Par ailleurs, j’adhère pleinement à la vision stratégique présentée par le CEMA. Il nous faut effectivement « gagner la guerre avant la guerre », tout en nous préparant à un potentiel conflit de haute intensité ; les menaces pourront se produire simultanément dans des milieux (terre, air, mer, exoatmosphérique, cybernétique, réseaux…) et dans des champs (spectre électromagnétique, informationnel…) très différents. En ce sens, la LPM 2026-2032 sera à la hauteur de ces défis, en continuant de renforcer nos services de renseignements, notre lutte contre les attaques cyber (entre autres, identification de l’attaquant) mettant en cause nos structures sociétales et nos armées, mais aussi nos stocks de munitions et la sécurité de leur approvisionnement. Si nous ne garantissons pas le bon niveau d’ambition budgétaire, les grands programmes prévus pour la prochaine décennie seront remis en cause.

En conclusion, j’adhère totalement à l’idée de programmation pluriannuelle qui permet au secteur de préparer l’avenir et la R&D nécessaire. C’est un principe à reprendre dans le cadre du Fonds européen de la défense. Mais, au-delà, d’autres politiques publiques civiles pourraient s’en inspirer.

L’autonomie stratégique est au cœur de l’actuel quinquennat. Soutenez-vous son principe ? Comment l’entendez-vous ?
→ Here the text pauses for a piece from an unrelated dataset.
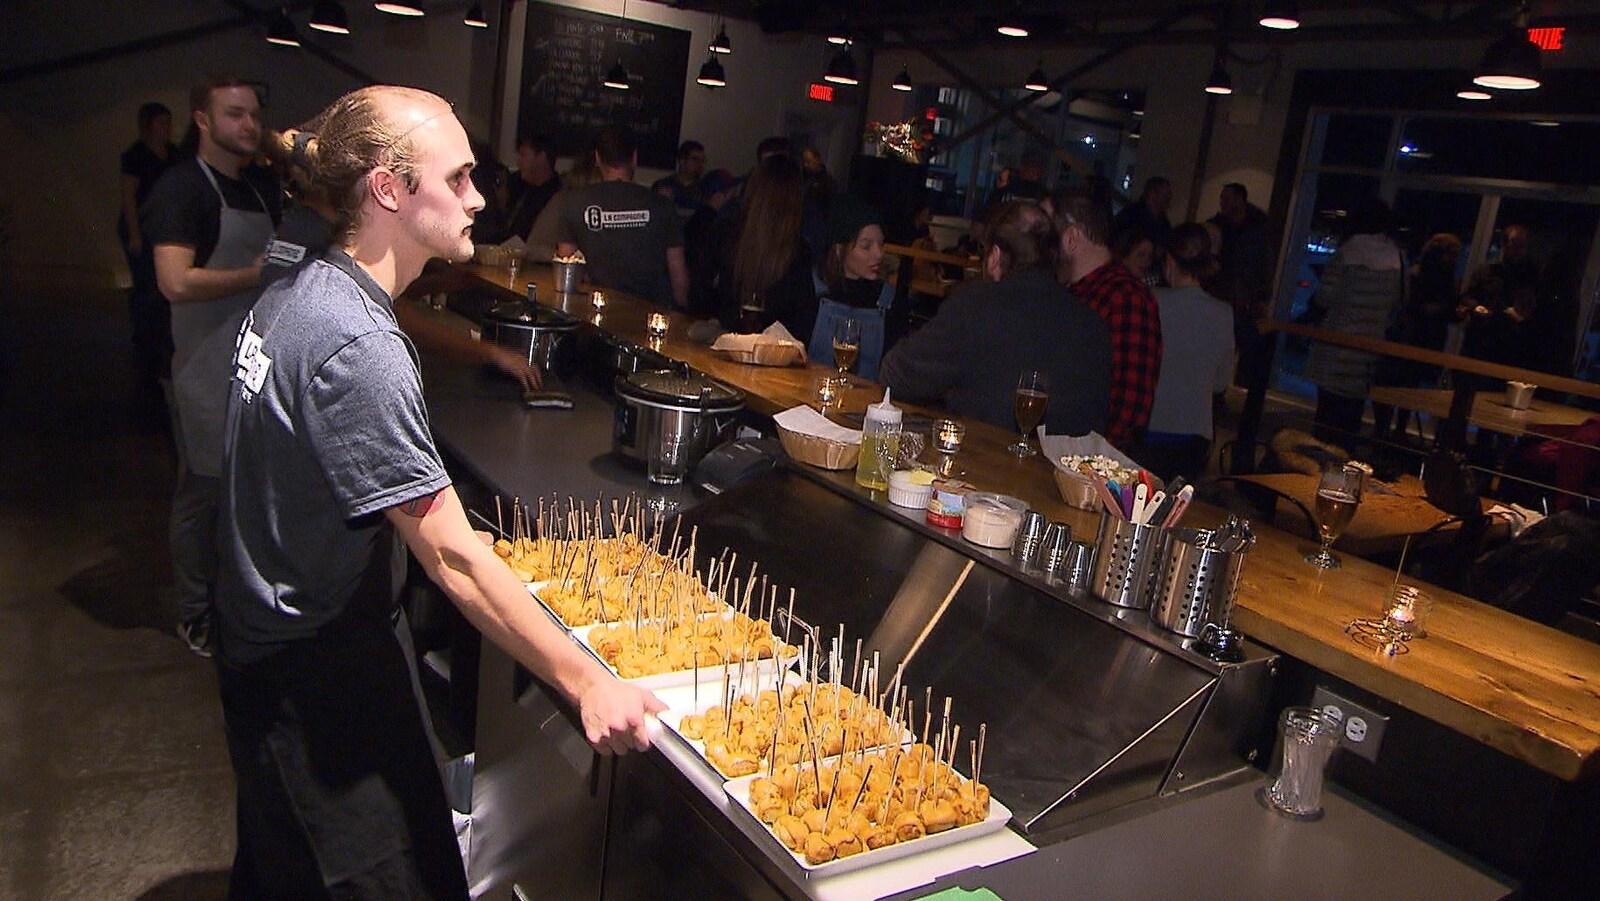 Un serveur dans une brasserie avec des hors d'oeuvre pour la dégustation de La Compagnie, une nouvelle bière artisanale à Sept-Îles

Je soutiens le principe d’autonomie stratégique, qui signifie à la fois liberté d’action et liberté de décision. C’est une force de la France, qui a été cultivée par tous les exécutifs. Il s’agit avant tout de préserver des capacités d’analyse en propre pour connaître et évaluer les situations de crise ou de menace potentielle, et surtout d’avoir les forces et des modes d’action capables d’y répondre. Il n’est pas possible de confier les clés de notre défense à un allié.

La politique d’autonomie stratégique a été un choix politique qui a nécessité des investissements importants depuis longtemps. Elle a ainsi permis de doter notre pays d’une industrie et d’une recherche de premier ordre, au service des armées et de la protection des citoyens. La France dispose d’atouts majeurs et d’un réseau d’entreprises de pointe au niveau mondial, qui innervent une innovation tant dans le domaine civil que dans le domaine militaire. Des leaders mondiaux de l’aéronautique et du spatial comme Airbus, Thales et Safran l’illustrent parfaitement. Par ailleurs, ils reposent aussi sur un tissu de PME et d’ETI réparties sur l’ensemble du territoire, renforçant notre compétitivité et notre souveraineté nationale.

Aujourd’hui, nous nous appuyons de plus en plus sur des partenariats européens. La France peut être le moteur d’une nouvelle étape vers la souveraineté stratégique dans le domaine des équipements militaires comme dans celui des opérations, parce que nous pouvons mutualiser les efforts pour affronter les mêmes défis.

Cependant, un certain manque de dialogue et de concertation isole la France depuis cinq ans. Je veillerai à rétablir une communication permanente avec nos partenaires. Nous maintiendrons notre capacité décisionnelle, mais en les informant dans des délais appropriés, et non par médias interposés.

J’œuvrerai à la constitution d’une souveraineté européenne, en m’appuyant sur des projets concrets, notamment en nous inspirant de réussites comme Galileo. Les projets au niveau européen peuvent aussi être le résultat d’accords et de projets ad hoc, par exemple avec les Britanniques pour les missiles ou les Belges dans le domaine terrestre (CaMo). Une France et une Europe autonomes seraient plus fortes pour constituer un pôle européen crédible au sein de l’OTAN.